La question du racisme structurel n’échappe pas à la tentative d’appropriation de la part de Stefan Kalmár. Prenant la position de l’observateur extérieur, il invisibilise de nouveau l'équipe de travailleur.euse.s de Manifesta 13 directement en prise avec ces questions d’analyse institutionnelle, alors que les curateur.rices reproduisent elleux-même souvent les rapports de force et violences structurelles qu’iels dénoncent.

Alors que l’équipe a initié tout au long de l’année une réflexion collective sur la question du racisme structurel et de ses ramifications, il est inacceptable que des personnes qui n’ont prise qu’avec une si petite partie de la problématique, et qui n’ont à aucun moment cherché à prendre conscience de ces réalités quotidiennes au sein de Manifesta 13 Marseille, puissent avoir une quelconque légitimité à s’exprimer sur le sujet. 

Le temps n’est plus à l’accusation qui se lave de toutes fautes mais bien à l’introspection et à la vigilance quant à ses propres actes face à une réalité qui touche le monde de l’art dans son entièreté et à laquelle n’échappent ni les curateur.rice.s, ni les équipes, ni les institutions.

Plus généralement, il nous semble étonnant que les conclusions de la majorité des journalistes écrivant sur Manifesta 13 soient toujours exclusivement basées sur les déclarations des curateur.rice.s et de la direction. La presse demande rarement aux personnes qui réalisent la biennale quelle a été leur expérience. En ne prenant en compte que les discours des curateur.rice.s et des directeur.ice.s, iels reproduisent exactement ce qu'iels critiquent souvent : une institution diabolisée et pyramidale prétendant agir en solidarité pour la justice sociale.
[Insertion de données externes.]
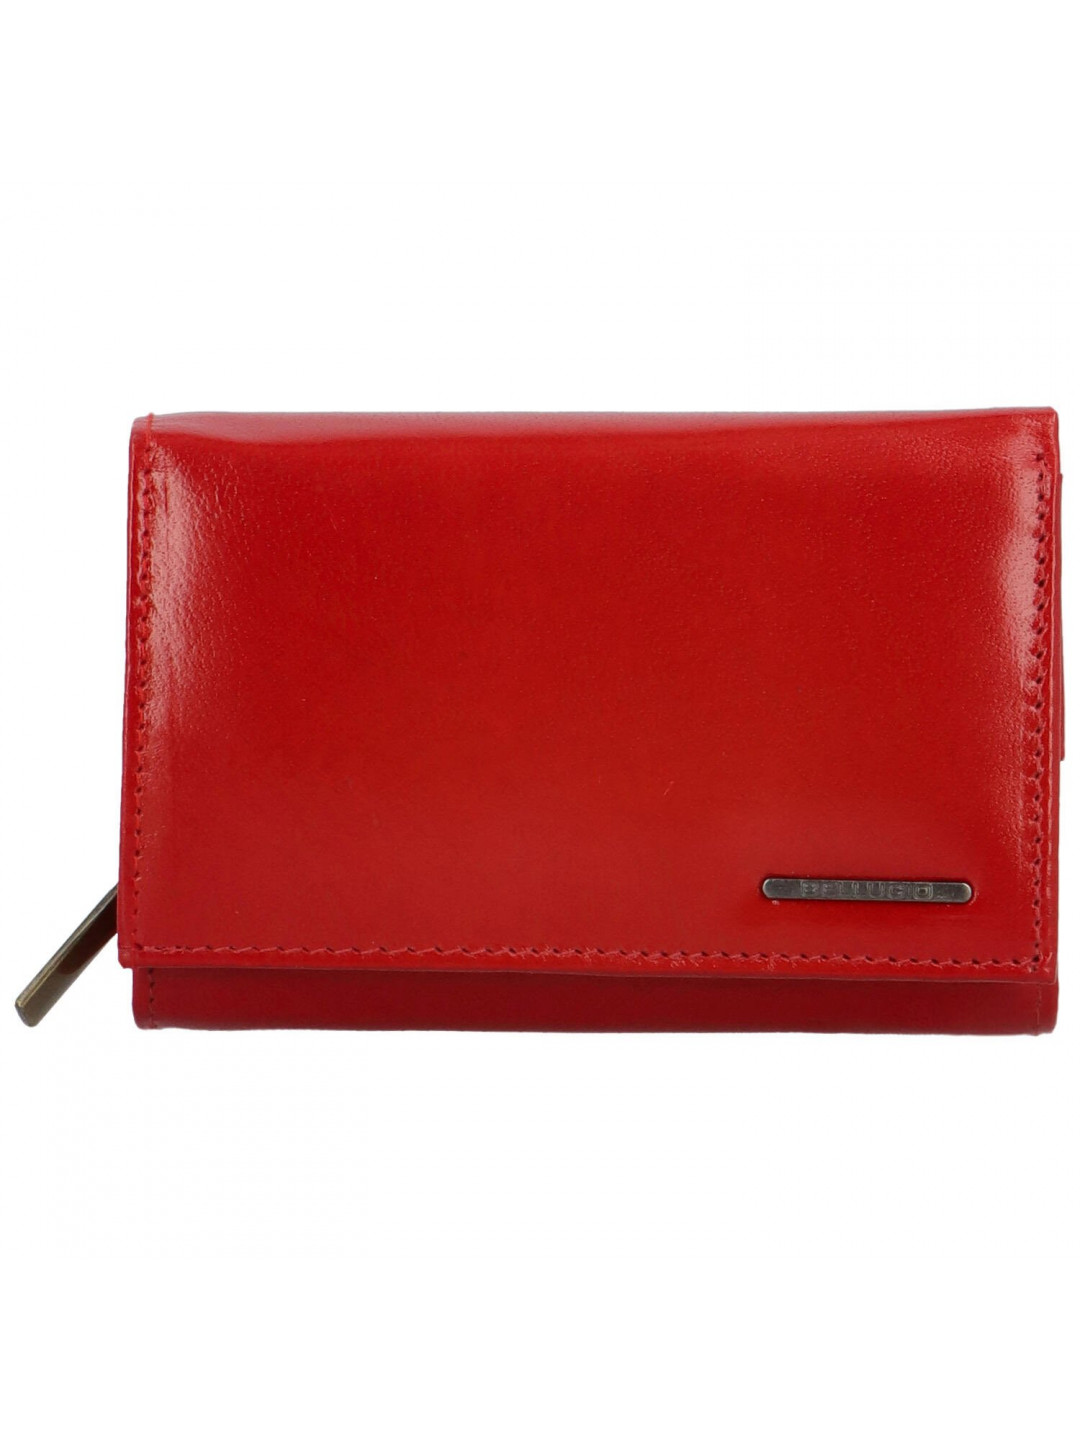 Trendy dámská kožená peněženka Bellugio Waltera červená

Malgré toutes les limites de son concept général, Manifesta 13 a mis en place de nombreux projets que nous pensons pertinents et humainement gratifiants. Si l’équipe est restée, ce n’est pas seulement par soi-disant solidarité avec les artistes invité.e.s, mais également du fait de notre engagement envers nos collaborateur.rice.s locaux.ales, les un.e.s envers les autres, et grâce aux relations de confiance que nous avons créées avec toute une série de personnes à Marseille que nous remercions sincèrement.